At last a film with a monster baby!

Frank Davies is awaked in the middle of the night by his wife. The great moment is here: she’s about to give birth to their child. But the happy event is cut short, the newborn kills all the maternity staff as soon as it’s born! A baby hunt is organized in town.

I discovered It’s Alive on VHS when I was 12 and maybe it’s the reason I never wanted to have kids! It could be the only movie to imagine childbirth as a horror scene.

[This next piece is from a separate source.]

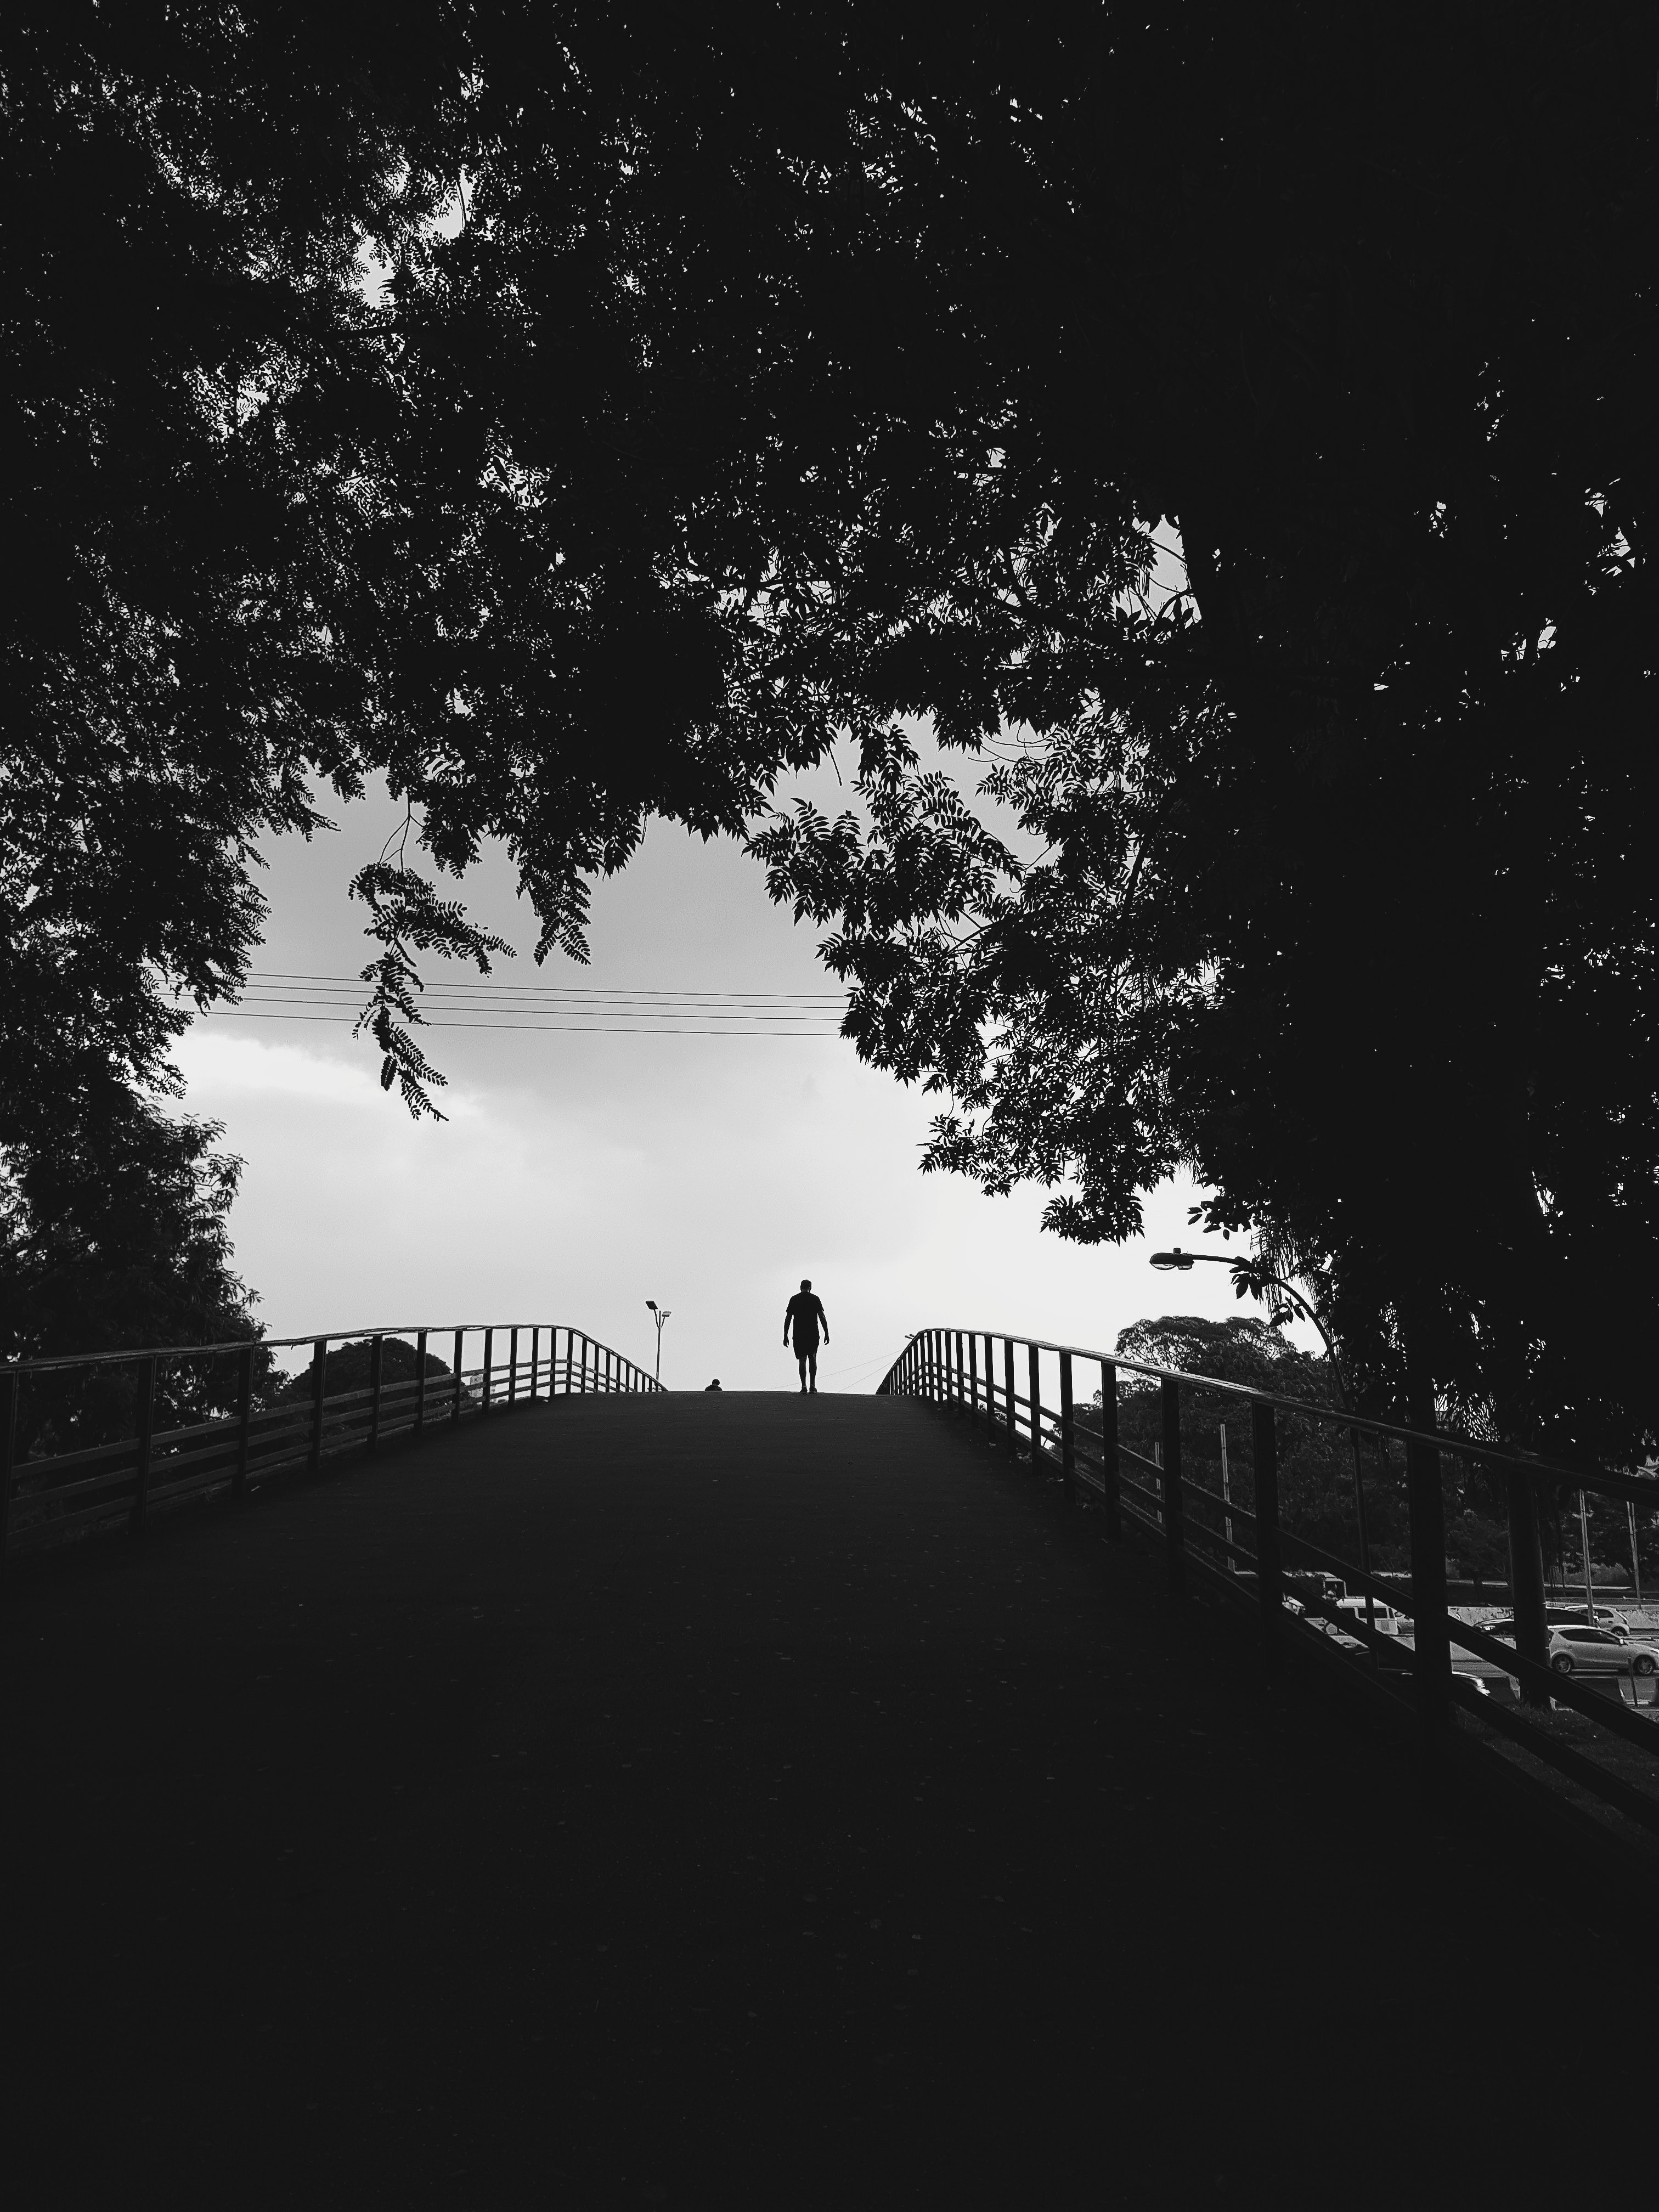 alone, trees, black, silhouette, stroll, bw, chb, loneliness, lonely 4K, Ultra HD
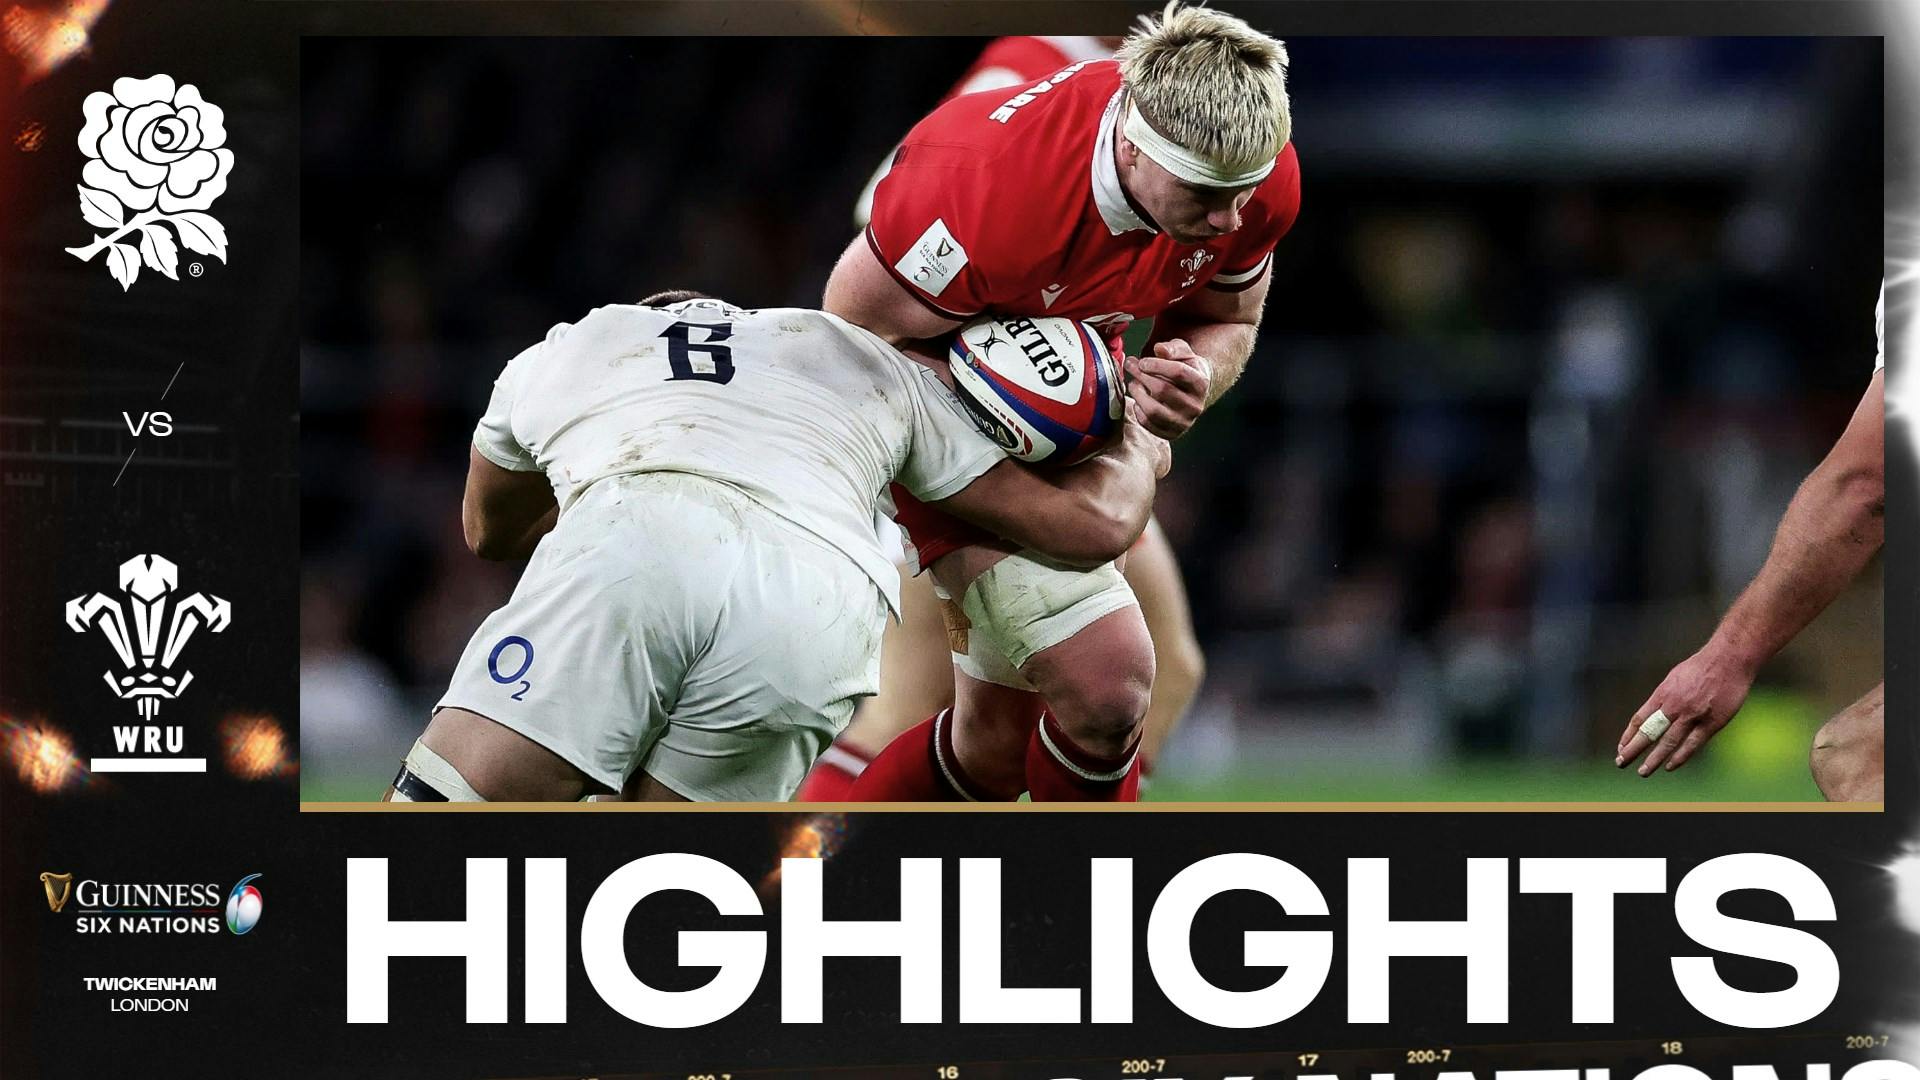 HIGHLIGHTS | ENGLAND V WALES | GUINNESS SIX NATIONS

With this baby hunt mobilizing all police forces, the film deploys a ferocious metaphor for Nixon’s America that cannot understand its youth (“our children have become monsters”), for capitalism embodied here by big pharma lobbies, and our relationship to monstrosity. As often in cinema and in our societies, the figure of the monster is useful both for catalyzing and revealing the fears of a community.

The point of view makes the monster, and at the end of the movie, we don’t really know which creatures should be eradicated.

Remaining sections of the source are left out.